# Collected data
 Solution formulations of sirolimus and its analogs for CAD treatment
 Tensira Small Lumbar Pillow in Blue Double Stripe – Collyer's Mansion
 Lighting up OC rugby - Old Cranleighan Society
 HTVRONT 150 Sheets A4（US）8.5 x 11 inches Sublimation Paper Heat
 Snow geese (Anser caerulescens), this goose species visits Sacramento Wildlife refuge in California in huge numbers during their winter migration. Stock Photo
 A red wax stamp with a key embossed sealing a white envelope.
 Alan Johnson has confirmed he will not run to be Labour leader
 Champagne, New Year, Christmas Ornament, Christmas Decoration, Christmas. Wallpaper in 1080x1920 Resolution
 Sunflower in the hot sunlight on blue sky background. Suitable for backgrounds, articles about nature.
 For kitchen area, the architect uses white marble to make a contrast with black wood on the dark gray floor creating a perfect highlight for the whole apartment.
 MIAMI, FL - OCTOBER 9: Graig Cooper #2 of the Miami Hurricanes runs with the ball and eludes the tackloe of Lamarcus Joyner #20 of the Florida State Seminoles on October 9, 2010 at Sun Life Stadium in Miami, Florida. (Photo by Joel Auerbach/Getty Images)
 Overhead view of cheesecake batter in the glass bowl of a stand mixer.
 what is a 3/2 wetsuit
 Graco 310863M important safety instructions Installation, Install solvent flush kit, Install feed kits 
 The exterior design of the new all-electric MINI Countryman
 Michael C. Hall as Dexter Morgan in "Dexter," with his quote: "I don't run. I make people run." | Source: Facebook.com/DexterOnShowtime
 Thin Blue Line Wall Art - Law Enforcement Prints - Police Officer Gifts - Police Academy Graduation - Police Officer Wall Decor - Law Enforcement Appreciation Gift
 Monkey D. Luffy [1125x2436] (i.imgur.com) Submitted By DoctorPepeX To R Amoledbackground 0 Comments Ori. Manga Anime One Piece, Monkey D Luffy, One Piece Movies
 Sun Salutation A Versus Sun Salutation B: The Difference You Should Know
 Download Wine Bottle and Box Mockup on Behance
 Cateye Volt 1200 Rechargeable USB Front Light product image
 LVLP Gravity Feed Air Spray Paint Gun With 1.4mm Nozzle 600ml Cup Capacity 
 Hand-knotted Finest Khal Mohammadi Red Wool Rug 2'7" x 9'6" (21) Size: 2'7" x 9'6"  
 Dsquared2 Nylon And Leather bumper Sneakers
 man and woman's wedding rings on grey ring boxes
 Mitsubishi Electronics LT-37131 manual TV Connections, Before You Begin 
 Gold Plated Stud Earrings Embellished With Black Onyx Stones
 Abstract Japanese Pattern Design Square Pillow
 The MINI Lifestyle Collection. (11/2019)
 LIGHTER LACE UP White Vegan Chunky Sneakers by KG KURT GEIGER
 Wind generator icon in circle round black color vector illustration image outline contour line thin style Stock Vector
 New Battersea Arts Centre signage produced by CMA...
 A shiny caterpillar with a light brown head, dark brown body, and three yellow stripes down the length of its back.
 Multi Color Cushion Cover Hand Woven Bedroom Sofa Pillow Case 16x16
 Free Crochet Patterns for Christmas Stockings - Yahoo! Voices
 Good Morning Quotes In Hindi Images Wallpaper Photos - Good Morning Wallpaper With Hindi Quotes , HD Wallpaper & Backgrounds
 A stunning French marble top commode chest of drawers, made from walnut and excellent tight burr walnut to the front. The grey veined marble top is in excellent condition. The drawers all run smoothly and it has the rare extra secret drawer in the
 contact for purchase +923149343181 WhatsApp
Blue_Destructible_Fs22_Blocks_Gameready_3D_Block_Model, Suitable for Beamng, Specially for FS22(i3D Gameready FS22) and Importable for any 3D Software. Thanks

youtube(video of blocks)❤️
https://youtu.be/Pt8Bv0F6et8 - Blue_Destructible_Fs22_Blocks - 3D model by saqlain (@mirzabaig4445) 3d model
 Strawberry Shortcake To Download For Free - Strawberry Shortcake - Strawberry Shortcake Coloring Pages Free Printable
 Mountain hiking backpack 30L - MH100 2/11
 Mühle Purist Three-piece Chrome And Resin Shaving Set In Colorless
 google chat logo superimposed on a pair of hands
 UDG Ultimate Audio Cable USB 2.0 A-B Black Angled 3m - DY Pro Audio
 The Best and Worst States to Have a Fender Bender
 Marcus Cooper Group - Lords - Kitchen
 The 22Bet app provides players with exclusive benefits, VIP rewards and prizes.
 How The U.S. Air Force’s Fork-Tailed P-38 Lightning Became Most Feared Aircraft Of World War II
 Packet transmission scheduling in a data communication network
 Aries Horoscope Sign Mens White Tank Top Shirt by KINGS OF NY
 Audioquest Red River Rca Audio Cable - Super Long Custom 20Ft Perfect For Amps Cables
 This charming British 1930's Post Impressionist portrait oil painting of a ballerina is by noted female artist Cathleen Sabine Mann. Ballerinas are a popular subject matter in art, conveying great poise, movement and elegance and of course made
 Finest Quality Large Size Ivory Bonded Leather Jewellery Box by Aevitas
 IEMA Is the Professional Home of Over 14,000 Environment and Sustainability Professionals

# ACTIVITY
Go through the records above, find every line with the word "Cooper", and list those lines.

# RESPONSE
 MIAMI, FL - OCTOBER 9: Graig Cooper #2 of the Miami Hurricanes runs with the ball and eludes the tackloe of Lamarcus Joyner #20 of the Florida State Seminoles on October 9, 2010 at Sun Life Stadium in Miami, Florida. (Photo by Joel Auerbach/Getty Images)
 Marcus Cooper Group - Lords - Kitchen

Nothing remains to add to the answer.